The change has not gone unchallenged. Just months after the law passed, major PBMs and corporate pharmacy chains — including CVS Caremark and Express Scripts — filed lawsuits, arguing HB 1150 threatened their business model and would force them to close dozens of pharmacies. (AP News)
On July 28, 2025, a federal judge issued a preliminary injunction blocking enforcement of the law, on grounds that it likely violates the U.S. Constitution’s Commerce Clause and could conflict with federal programs such as veterans’ health (TRICARE). (Healthcare Finance News)

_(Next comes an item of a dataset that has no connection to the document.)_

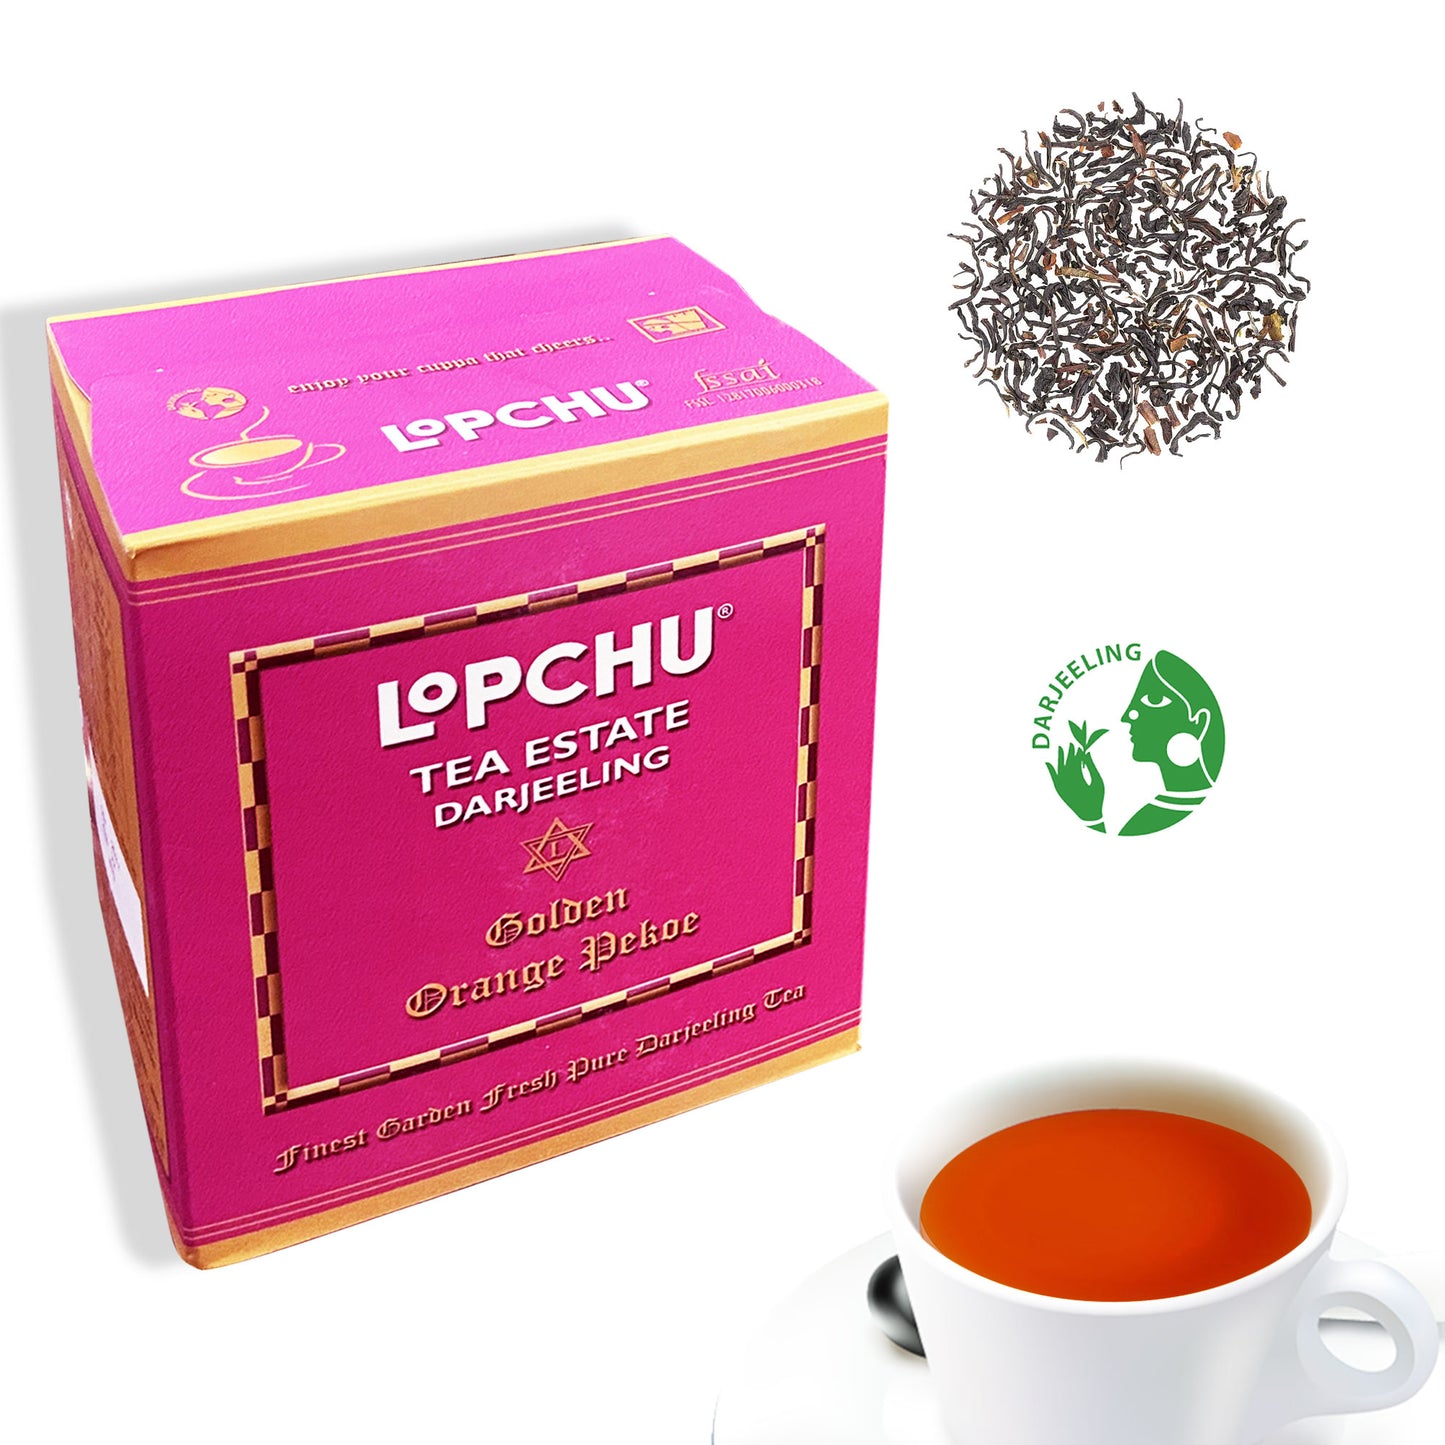 LoPCHU Flowery Golden Orange Pekoe Darjeeling Tea

Supporters of the law promised to appeal, arguing that the “first-in-the-nation” measure is necessary to prevent monopolistic behavior and protect Arkansans’ access to care. (Arkansas Advocate)

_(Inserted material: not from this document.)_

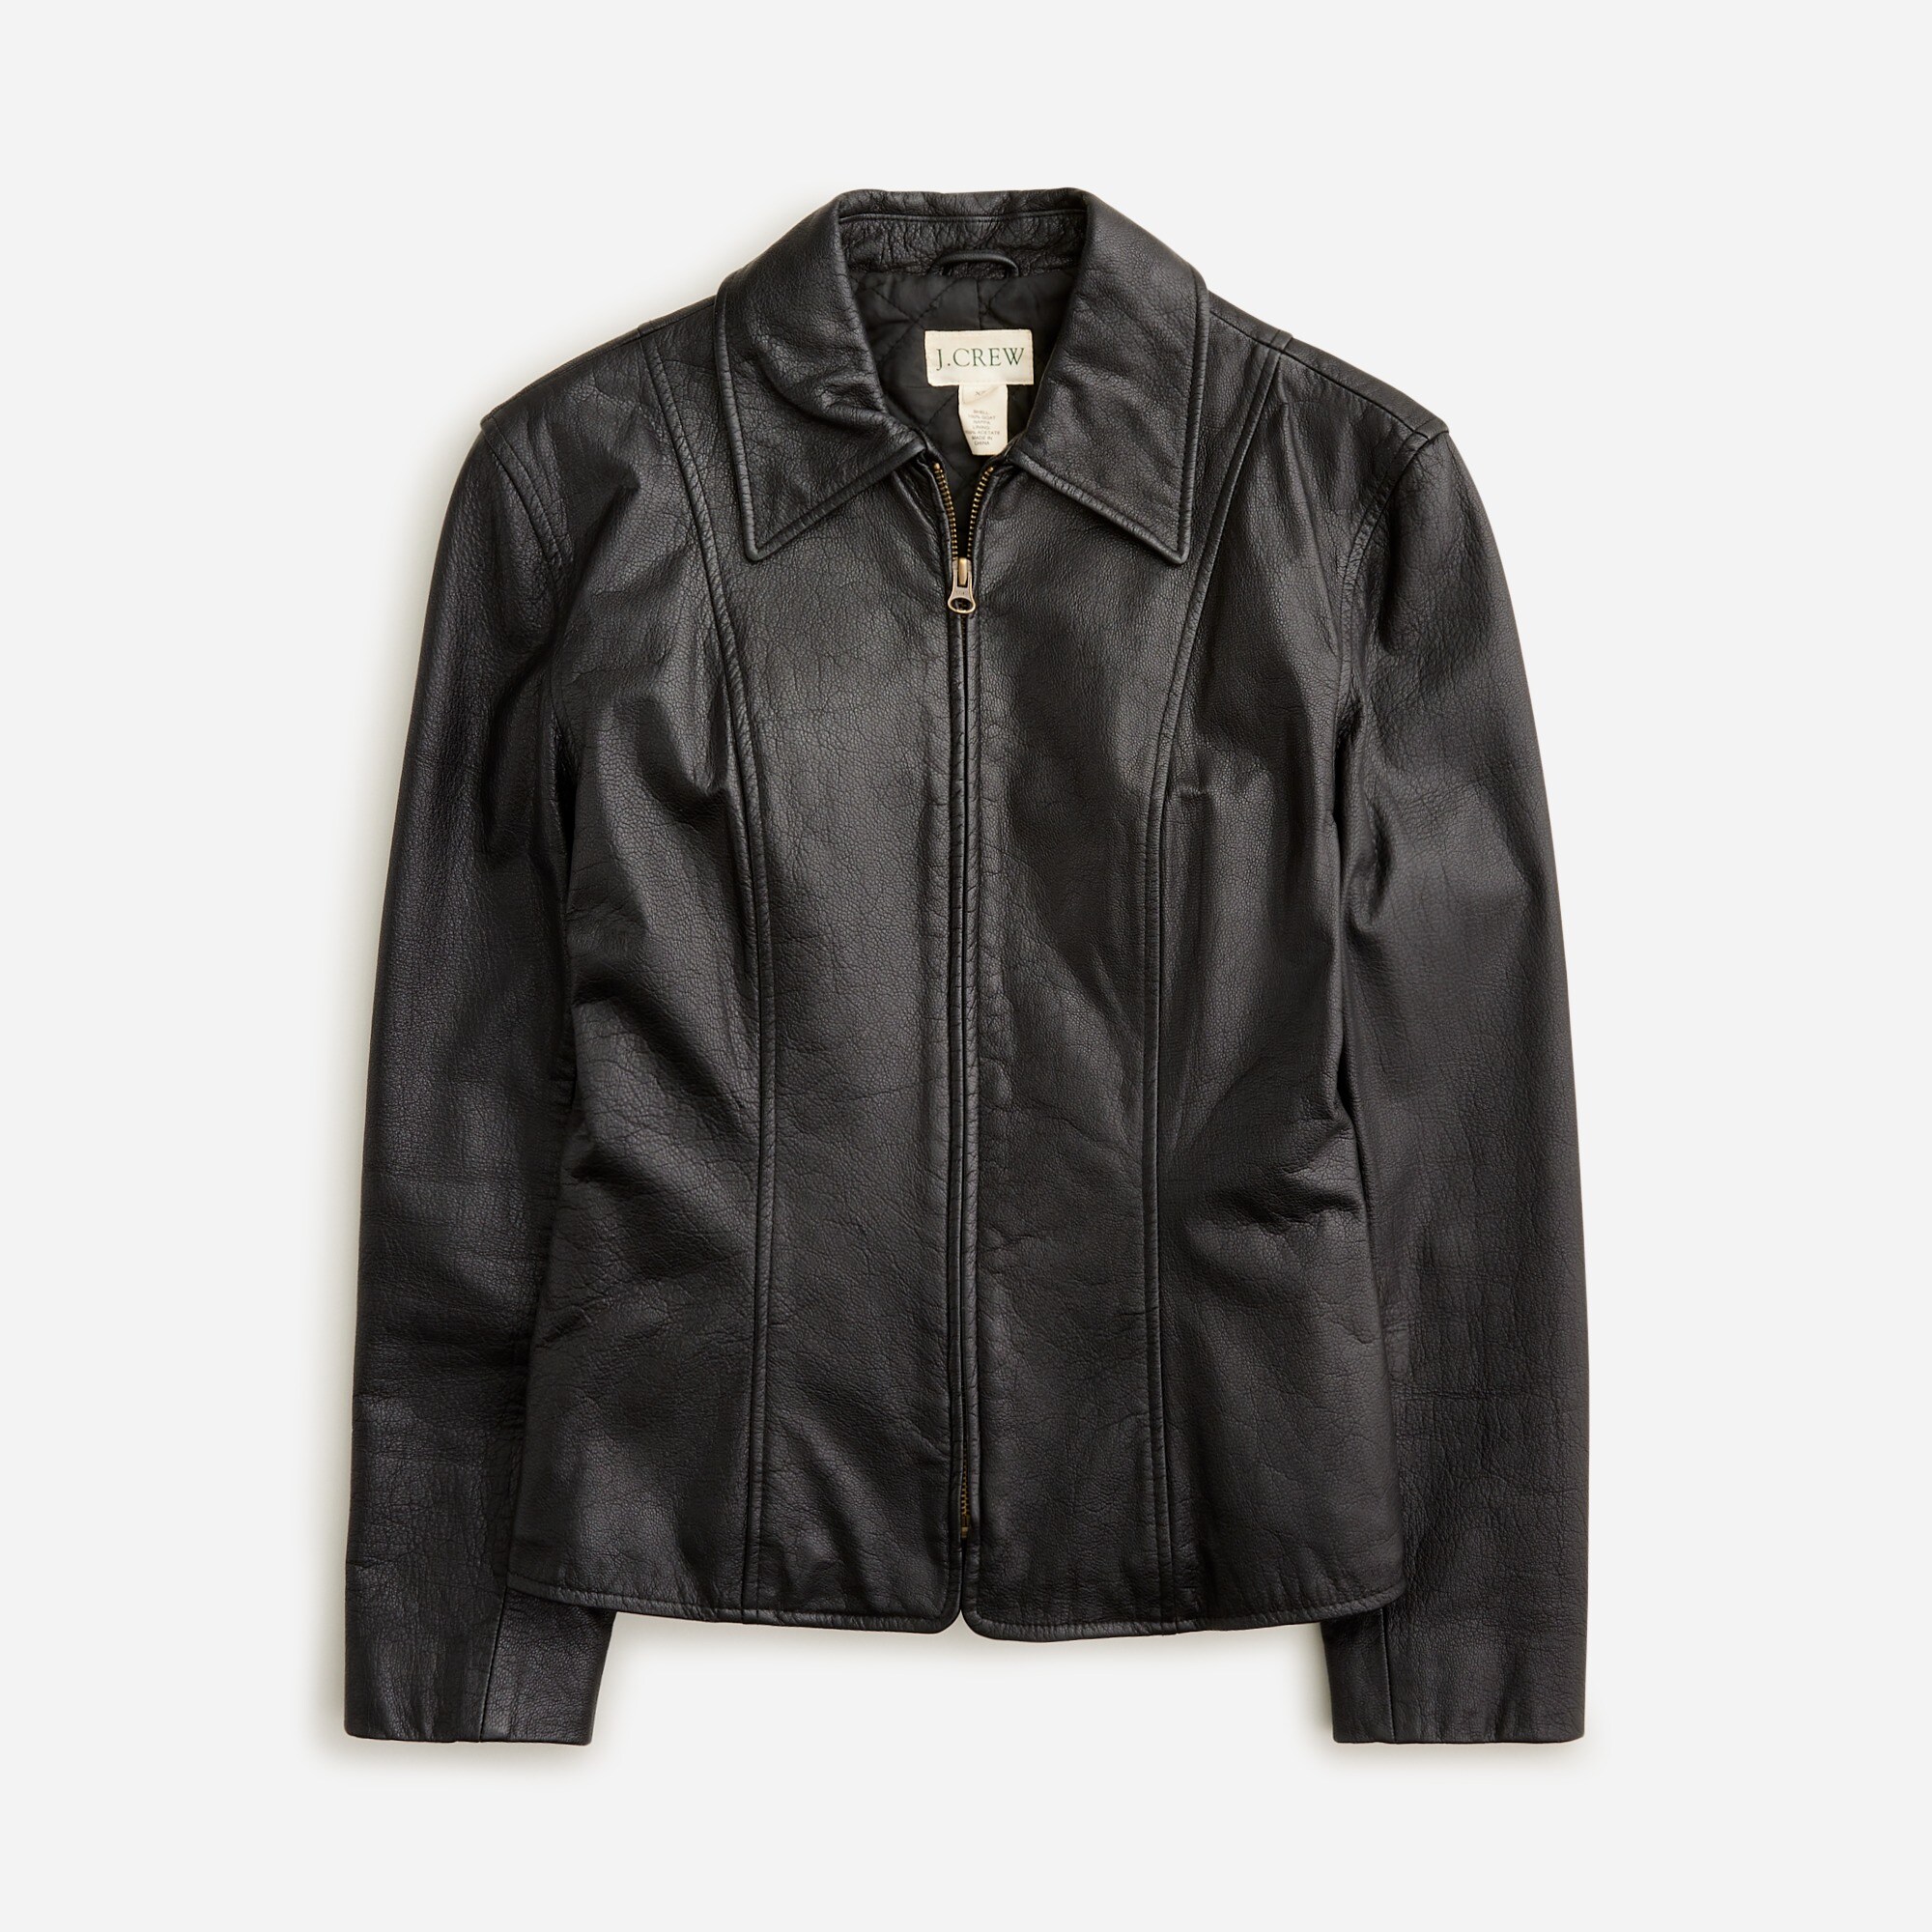  Vintage J.Crew '90s leather jacket

But for now, the law’s full implementation hangs in the balance — and the uncertainty affects patients, pharmacies, insurers, and lawmakers alike.

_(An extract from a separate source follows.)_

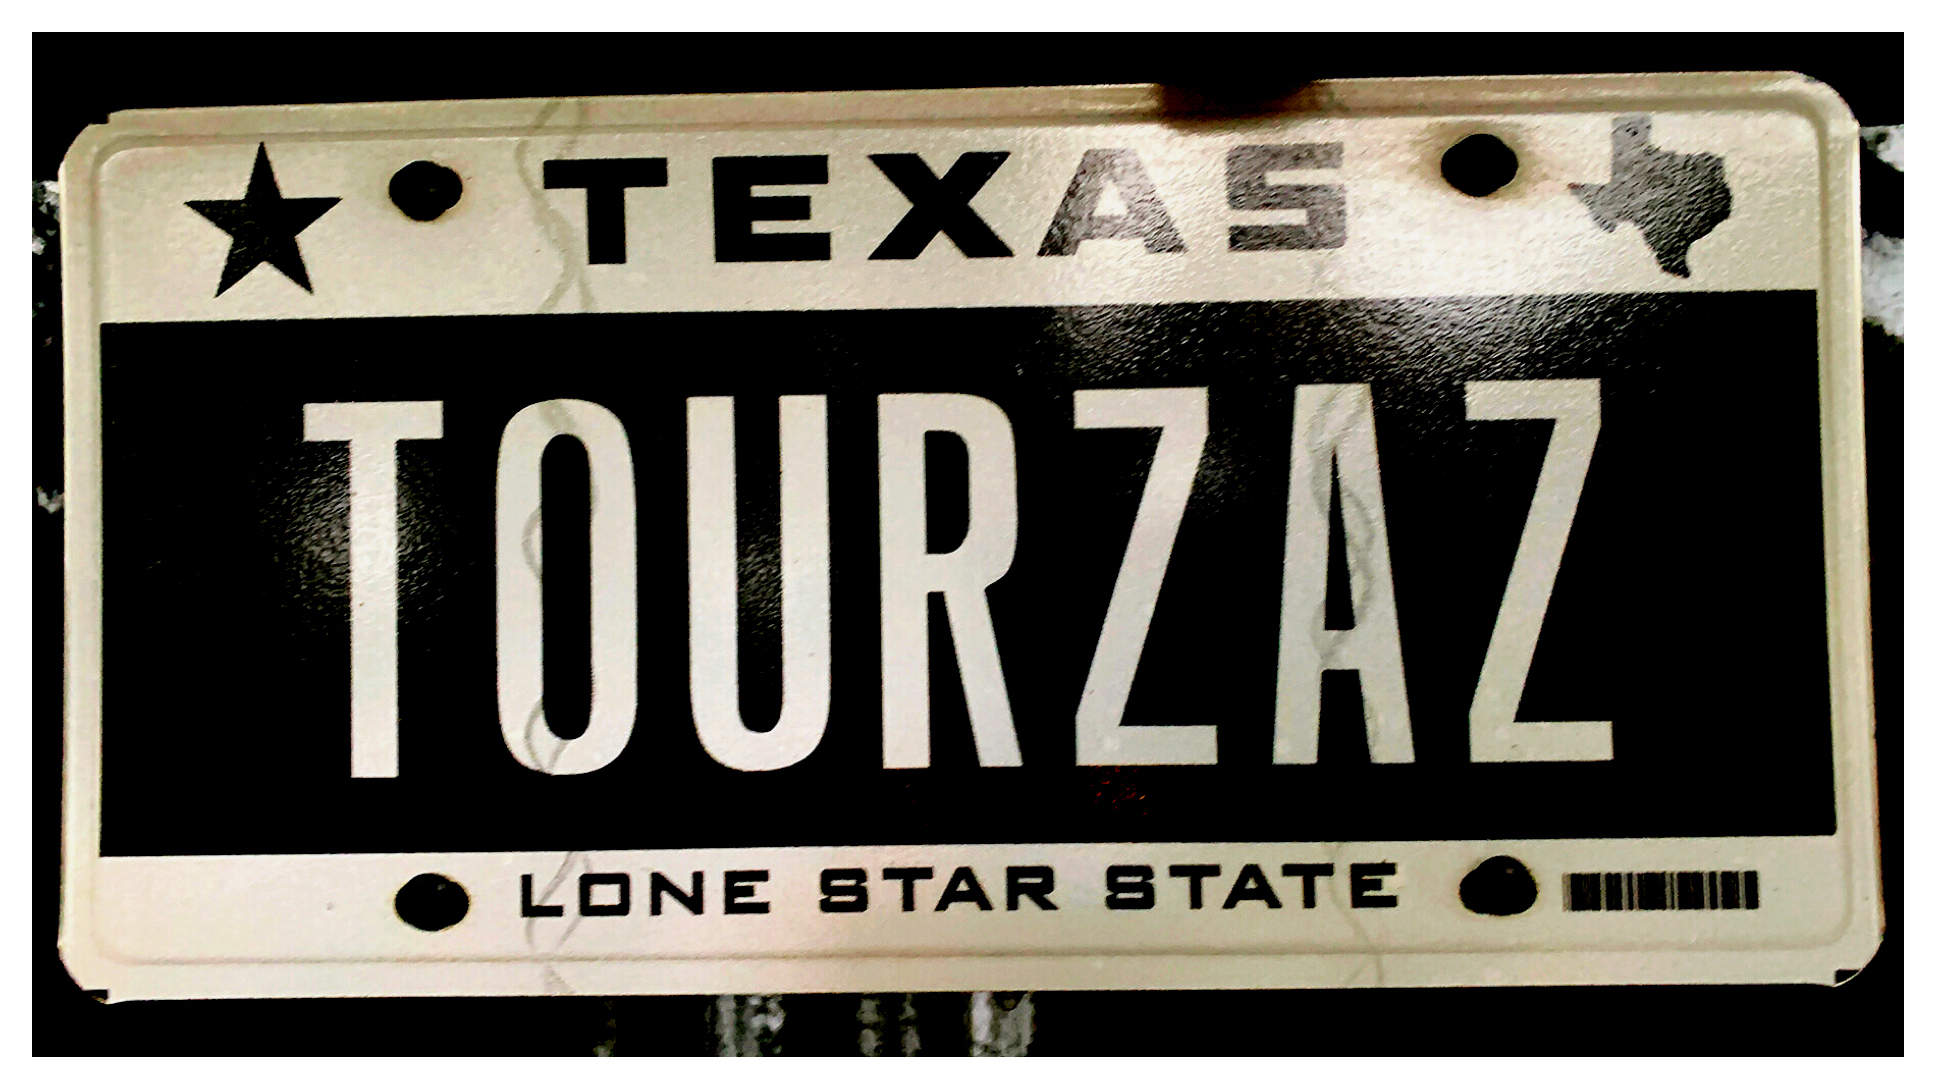 A Texas license plate that reads "TOURZAZ."

What success looks like — and what to watch for
For Arkansas’s experiment to succeed, implementation must go beyond simply revoking licenses. Here’s what needs to happen next:
- Transparent data collection and reporting. Regulators and insurers should use the law as a starting point to publish accessible data: reimbursement rates, network-adequacy maps, pharmacy closures or openings, mail-order-versus-local dispensing ratios. These insights will help stakeholders evaluate whether patients are truly benefiting.
- Protecting continuity of care. Divestment by PBMs shouldn’t mean disruption of services. Lawmakers and regulators should require 60–90 day notice for transitions, with clear protocols for transferring prescriptions, especially for chronic conditions or specialty medication.
- Supporting rural pharmacies — and rural patients. Some independent pharmacies operate on thin margins. To ensure they survive and thrive, policymakers might need to combine legal reform with investment: telepharmacy infrastructure, broadband access, workforce incentives, and support for clinic-based dispensing.
- Encouraging smarter contracting by employers and insurers. Health plans and employers that purchase coverage can insist on contracts that favor pass-through rebates, eliminate “spread pricing,” and support local pharmacies where available — using Arkansas’s regulatory changes as a benchmark for value-based contracting.
- Monitoring the legal and regulatory landscape. With litigation still pending, Arkansas must be ready to adapt: if the courts narrow or strike provisions, the state will need backup strategies — such as enhanced reporting requirements or other transparency tools.